Diffbot today revealed it has developed a large language model (LLM) that makes it possible to invoke the knowledge graph technology it has developed via a natural language interface.
The company previously developed an open source knowledge graph that has collected more than one trillion structured facts from across the Web. Unlike platforms such as Open AI, the knowledge graph can update the index of data it relies on in real time.
The LLM being added to the knowledge graph makes it possible to query all that index – including examples of code and images – without having to directly master the programming language that DiffBot developed to enable organizations to both index and query that data.
The LLM is based on Llama, originally developed by Meta, which Diffbot trained to create natural language queries that can be executed by the programming language it created for its knowledge graph. “It’s an expert user of our tools,” says Diffbot CEO, Mike Tung.
Diffbot also makes available an application programming interface (API), based on specifications defined by OpenAI, the developer of the ChatGPT AI model, that IT teams can use to integrate the Diffbot knowledge graph into their applications.
The result is an alternative approach to, for example, being able to launch a query that generates summarizations of all the latest information available, including citations, relating to a particular subject, says Tung. In effect, Diffbot has created the first retrieval-augmented generation tool for a knowledge graph that is tied to an index that continuously crawls the Web to retrieve fresh data, he added.
In addition to providing more accurate response to queries, the Diffbot knowledge graph uses orders of magnitude less compute and energy resources to aggregate that content, said Tung.
Organizations can also self-host the knowledge graph versus relying on AI models that are invoked using application programming interfaces (APIs) to create input and output tokens that result in fees being assessed for every query created.
Ultimately, the core reasoning capability required to generate more accurate responses to queries can be distilled down to less than one billion parameters, he noted. That approach also eliminates the tendency LLMs have to generate hallucinations when they don’t have access to enough data to generate an accurate response, added Tung. Each response provided by the knowledge graph also includes the sources used to enable end users to verify them, said Tung.

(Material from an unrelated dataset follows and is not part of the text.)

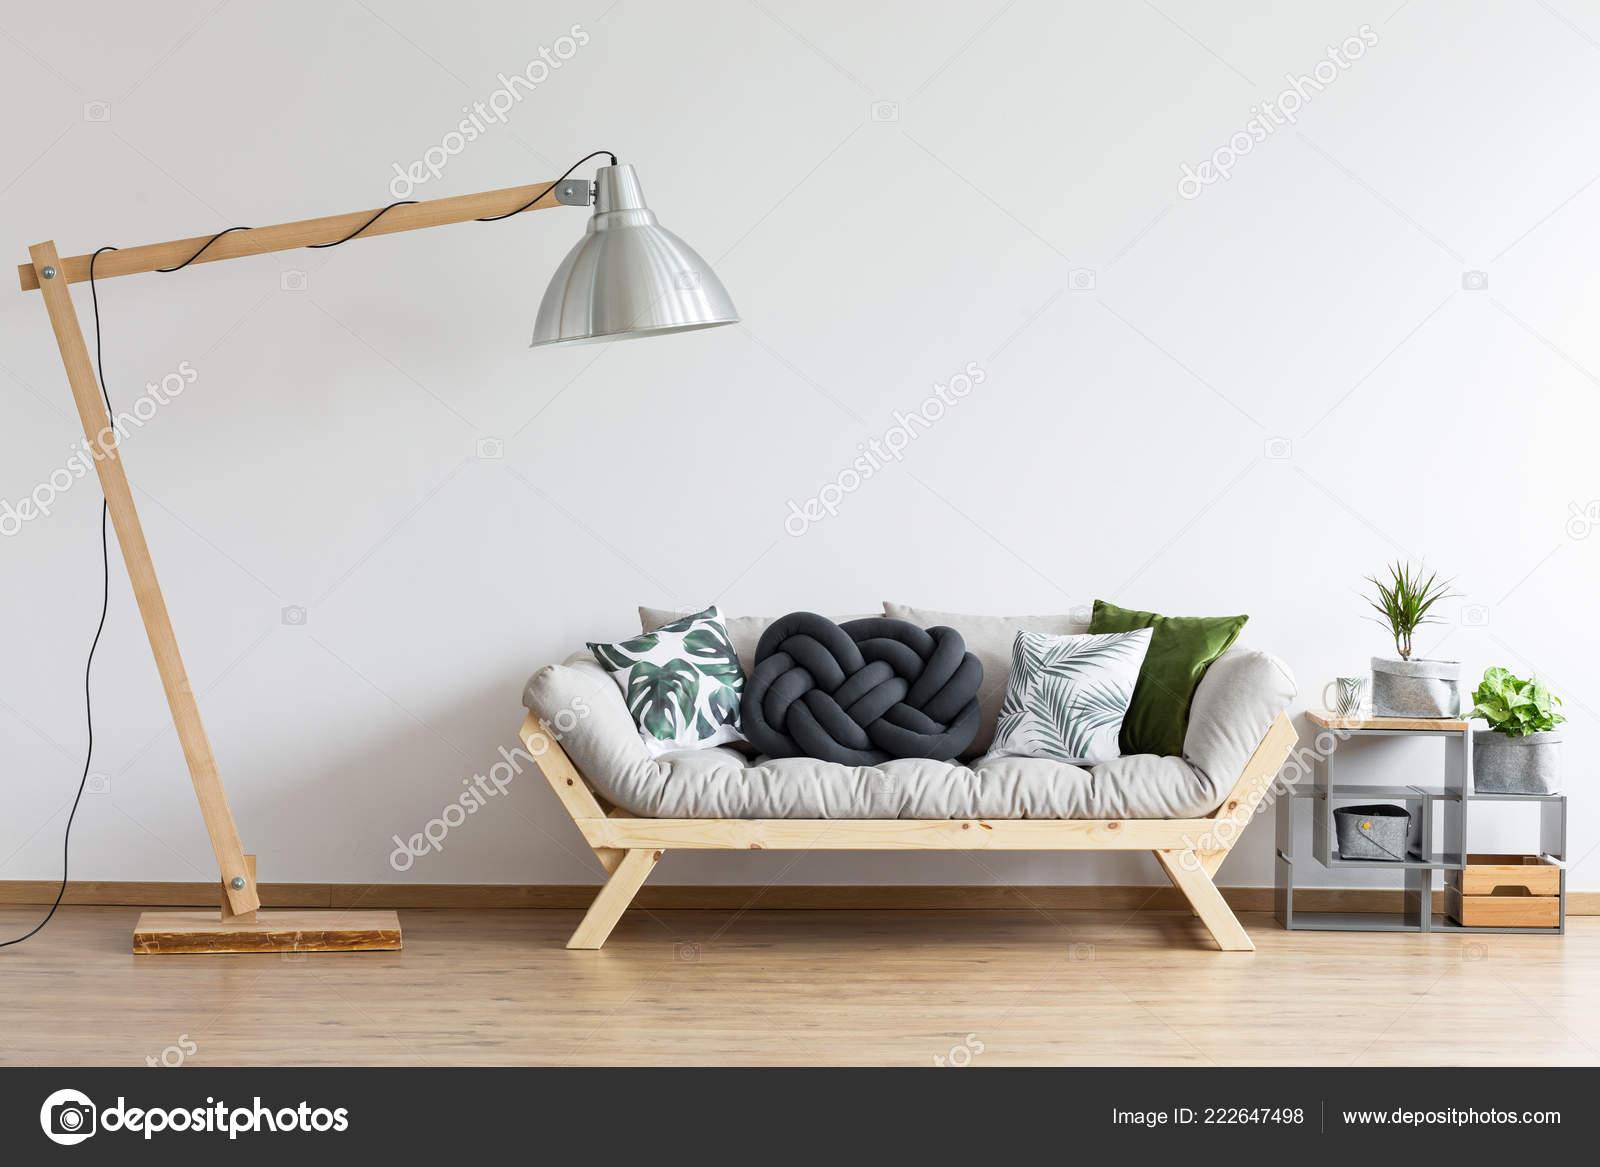 Phenomenal Stylish Oversize Lamp Next Scandinavian Sofa Pillows Minimal Dailytribune Chair Design For Home Dailytribuneorg

Additionally, the open source platform also provides access to all the code and weights that were used to create those responses, which IT organizations can tailor as they best see fit, he noted.
Diffbot has set up an instance of Diffy Chat, a decentralized messaging software based on a blockchain framework, to foster a secure ecosystem around its knowledge graph that it is encouraging application developers and data scientists to join.
It’s not likely that a natural language interface for a knowledge graph is going to replace generative AI platforms in every possible use case. However, in many of the use cases that involve simple retrieval and aggregation of data, it may provide a much more efficient alternative that is far less costly to implement, integrate and maintain.